Sub-millimeter is also known as Terahertz radiation, which is emitted as part of the black body radiation from anything with temperatures greater than about 10 kelvin. While this thermal emission is very weak, observations at these frequencies are important for characterizing the cold 10-20K dust in the interstellar medium in the Milky Way galaxy, and in distant starburst galaxies. Telescopes operating in this band include the James Clerk Maxwell Telescope, the Caltech Submillimeter Observatory and the Submillimeter Array at the Mauna Kea Observatory in Hawaii, the BLAST balloon borne telescope, and the Heinrich Hertz Submillimeter Telescope at the Mount Graham International Observatory in Arizona. Planned telescopes operating in the submillimeter include the Atacama Large Millimeter Array and the Herschel Space Observatory. The opacity of the Earth's atmosphere to submillimeter radiation restricts these observatories to very high altitude sites, or to space. [5] In astronomy, objects such as stars are frequently regarded as black bodies, though this is often a poor approximation. An almost perfect black-body spectrum is exhibited by the cosmic microwave background radiation. Hawking radiation is the hypothetical black-body radiation emitted by black holes. [6]

The submillimeter bandwidth is ideally suited for studies of the structure and motions of the matter that forms stars; of the spiral structure of galaxies, as outlined by their giant molecular clouds; and of quasars and active galactic nuclei. [7]

Infrared

  • Far Infrared: Cold dust emmisions, galaxy central regions, very cold molecular clouds. Incl. thermal IR.
  • Mid Infrared: Planets, comets, asteroids, starlight warmed dust, protoplanetary disks.
  • Near Infrared: Cooler red stars, red giants, dust is transparent.

Many objects in the universe that are too cool and/or faint to be detected in visible light, can be seen in the infrared. These include cool stars, infrared galaxies, clouds of particles around stars, nebulae, interstellar molecules, brown dwarfs, and extrasolar planets. In the case of dust, infrared astronomers can either see through it or focus on it, depending on the wavelengths they choose. At near infrared wavelengths, dust is essentially transparent, enabling far-flung views along the dusty plane of the Milky Way that are impossible in visible light. The galactic bulge, for example, shows up particularly well in near infrared. On the other hand, at mid infrared wavelengths astronomers pick up radiation generated by dust itself, which is valuable in studying such phenomena as protoplanetary disks and possible extrasolar planets. Work in cosmology also depends crucially on infrared observations. The expansion of the universe means that all of the ultraviolet and much of the visible light from distant sources is shifted into the infrared part of the spectrum. [8]

Optical

Astronomical observation at infrared, visible and ultraviolet wavelengths.

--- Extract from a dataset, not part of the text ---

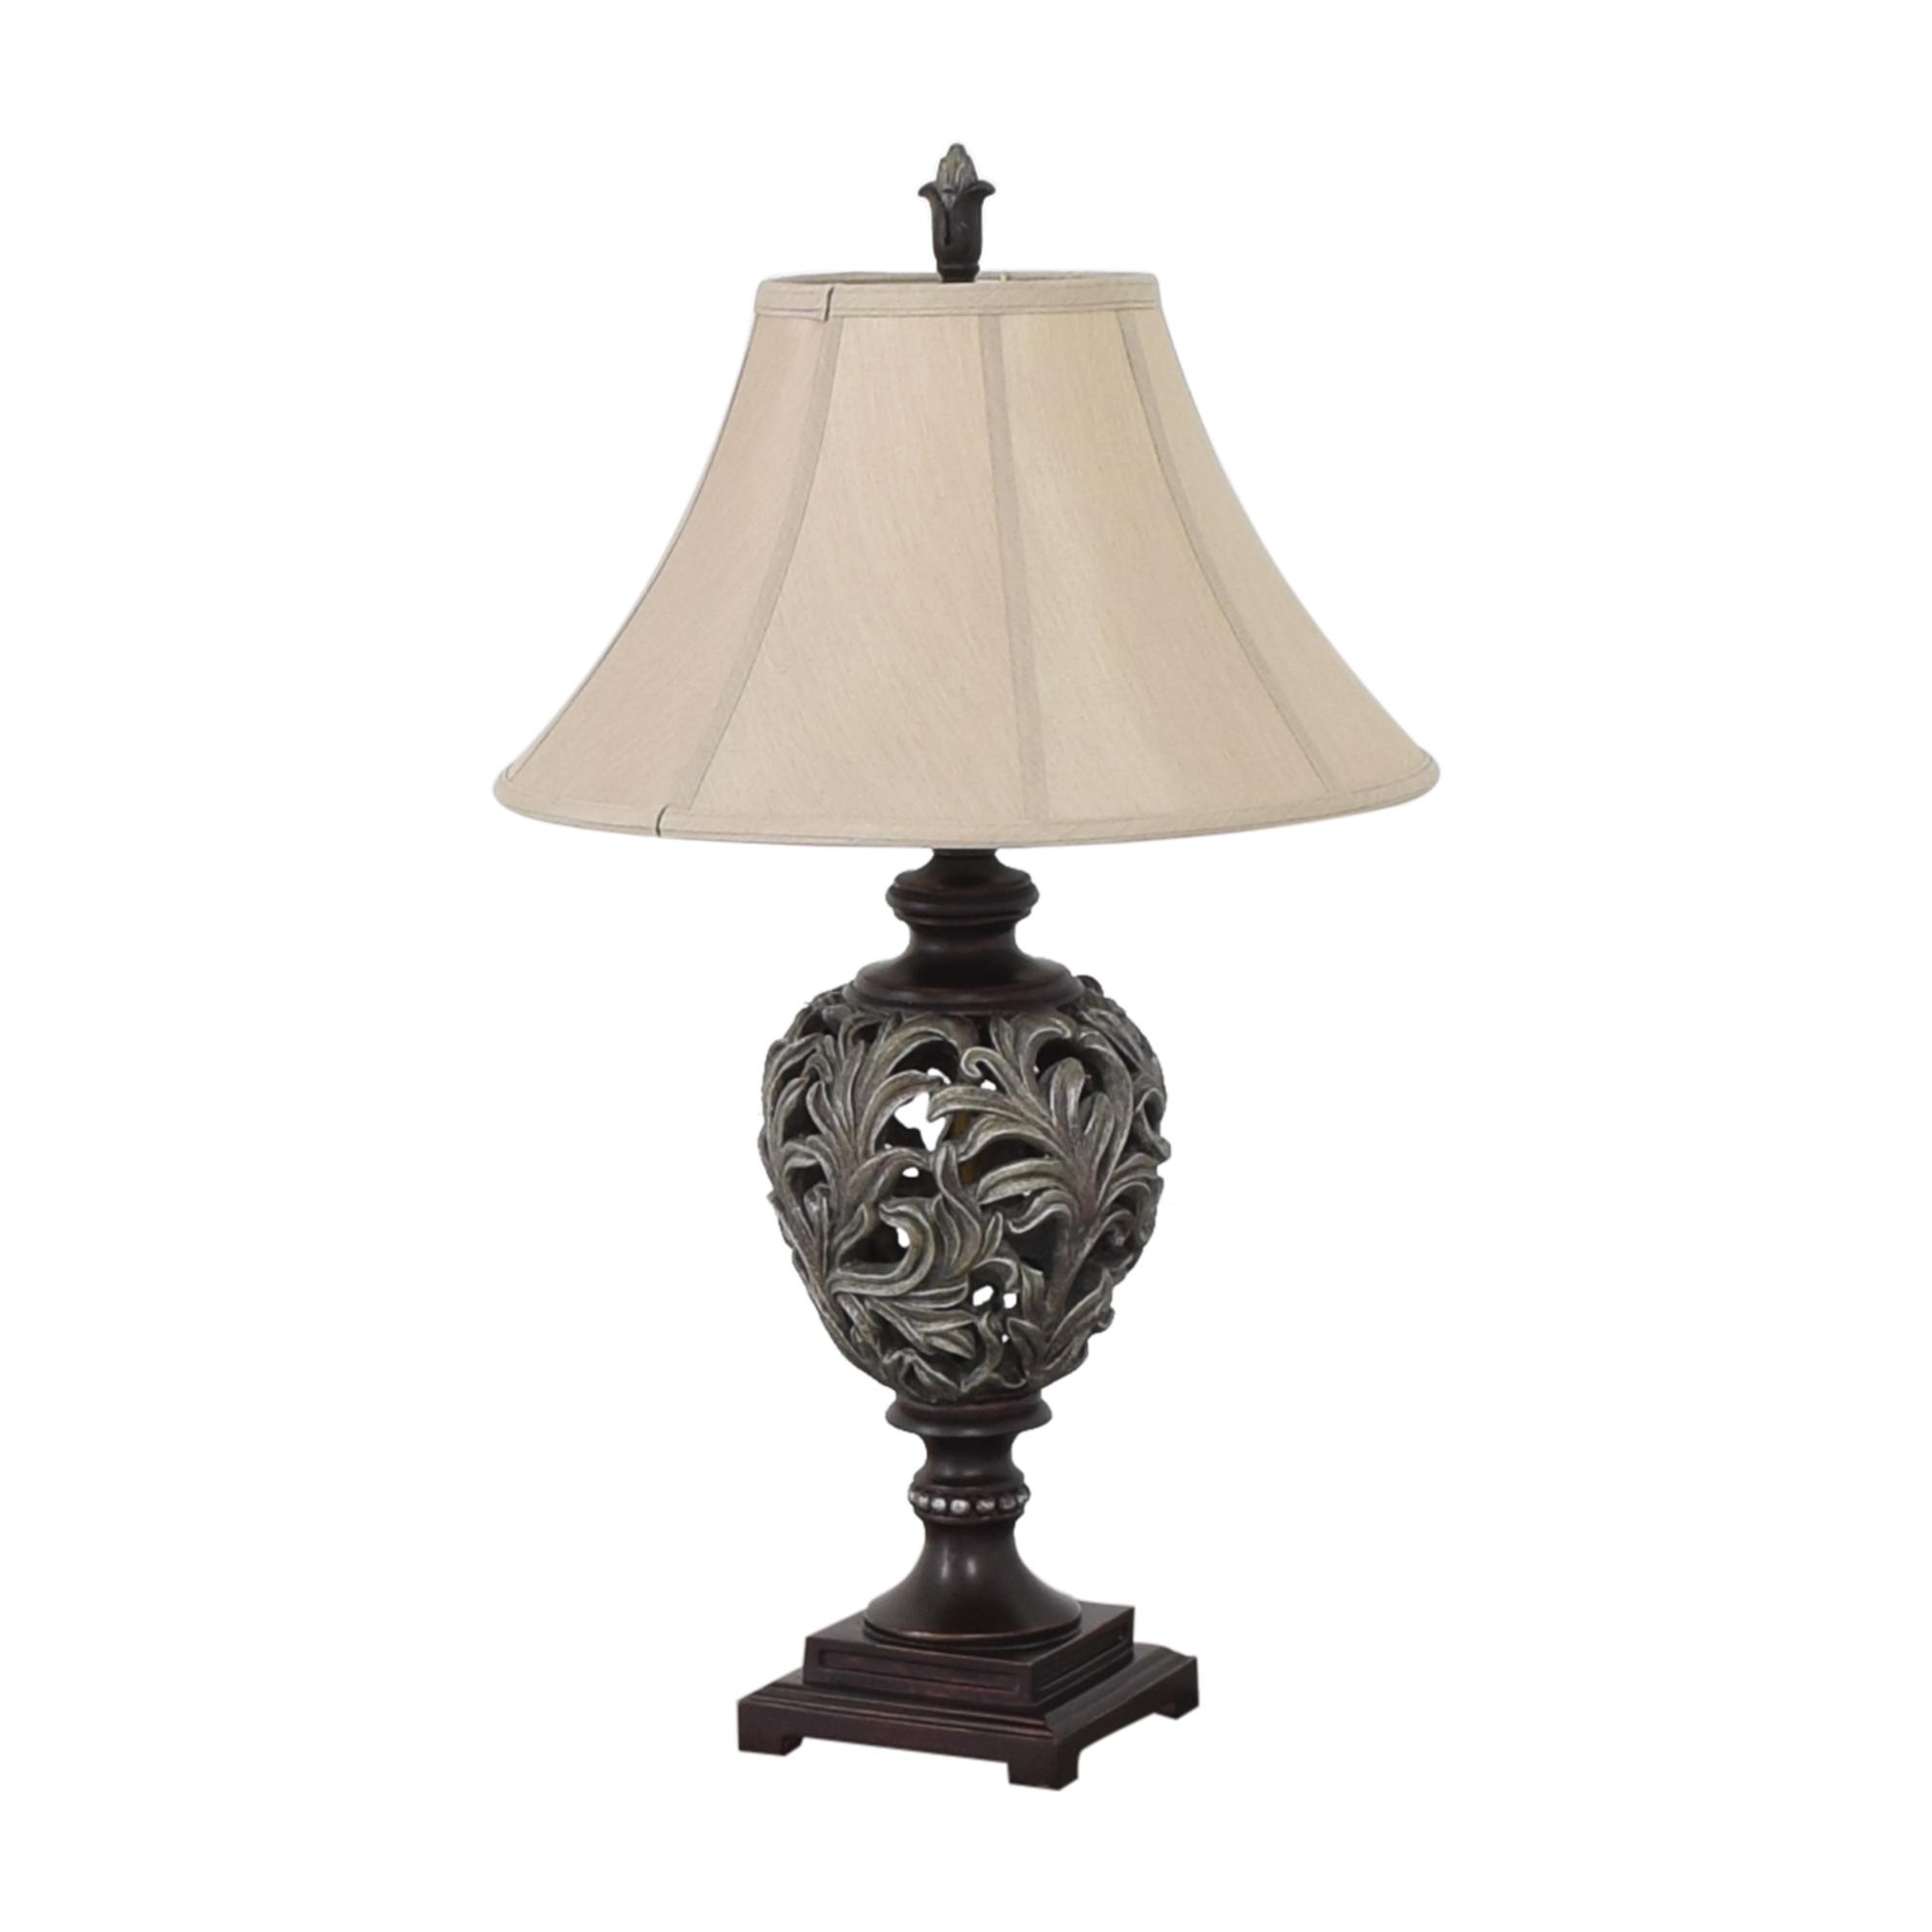 44 off ashley furniture ashley furniture deborah table lamp decor

Visible-light astronomy encompasses a wide variety of observations via light sensitive telescopes. It includes imaging, where a picture of some sort is made of the object; photometry, where the amount of light coming from an object is measured, spectroscopy, where the distribution of that light with respect to its wavelength is measured, and polarimetry where the polarisation state of that light is measured. Visible astronomy also includes looking up at night (skygazing). [9]

Ultraviolet

The hottest and the most active objects in the cosmos give off large amounts of ultraviolet energy, sheding light on galactic evolution and structure. However, ultraviolet light is absorbed by Earth's atmosphere, so observations at these wavelengths must be performed in the upper atmosphere or from space-based observatories. Ultraviolet line spectrum measurements are used to discern the chemical composition, densities, and temperatures of the hottest regions in space including the interstellar medium and hot young stars. Ultraviolet radiation is the signature of hotter objects, typically in the early and late stages of their evolution. UV observations thus provide essential information about galactic evolution. [10]

X-ray

As with all observations in all non-visible spectra, X-ray observations enable us to "see" beyond the limits of human vision. X-ray observatories are used to explore various astrophysical objects from galaxy clusters, through black holes in active galactic nuclei (AGN) to galactic objects such as supernova remnants, stars, and binary stars containing a white dwarf (cataclysmic variable stars and super-soft x-ray sources), neutron star or black hole (X-ray binaries). Some solar system bodies also emit X-rays. Although the more energetic X-rays, photons with an energy greater than 30 keV, can penetrate the air at least for distances of a few meters, the Earth's atmosphere is thick enough that virtually none are able to penetrate from outer space all the way to the Earth's surface. Therefore, X-ray observations are generally space-based although some observations can be made in the upper reaches of Earth's atmosphere. X-rays are classified as "soft" from 10 to 0.1 nm (about 0.12 to 12 keV), and as "hard" from 0.1 nm to 0.01 nm (about 12 to 120 keV). X-rays in the 2.48 to 0.248 nm (0.5 to 5 keV) range, is the range where most celestial sources give off the bulk of their energy. [11]

Gamma-ray

Observing the Universe in gamma-rays allows us to examine how matter and radiation interact with each other under extreme conditions, such as where temperatures are hundreds of millions of degrees, matter is very dense, or magnetic fields are very strong. Some specific targets include: Gamma-ray Bursts, Black Holes and Neutron Stars, Supernovae, Pulsars, Diffuse Emission, Active Galaxies including Seyferts and Quasars, and other Unidentified Sources. Unfortunately, gamma-ray detectors have to contend with a large contamination from cosmic rays. Cosmic rays - elementary particles which are come from all parts of the sky - often affect gamma-ray detectors in a similar manner to the source photons. This background must be suppressed in order to obtain a pure photonic signal. [12]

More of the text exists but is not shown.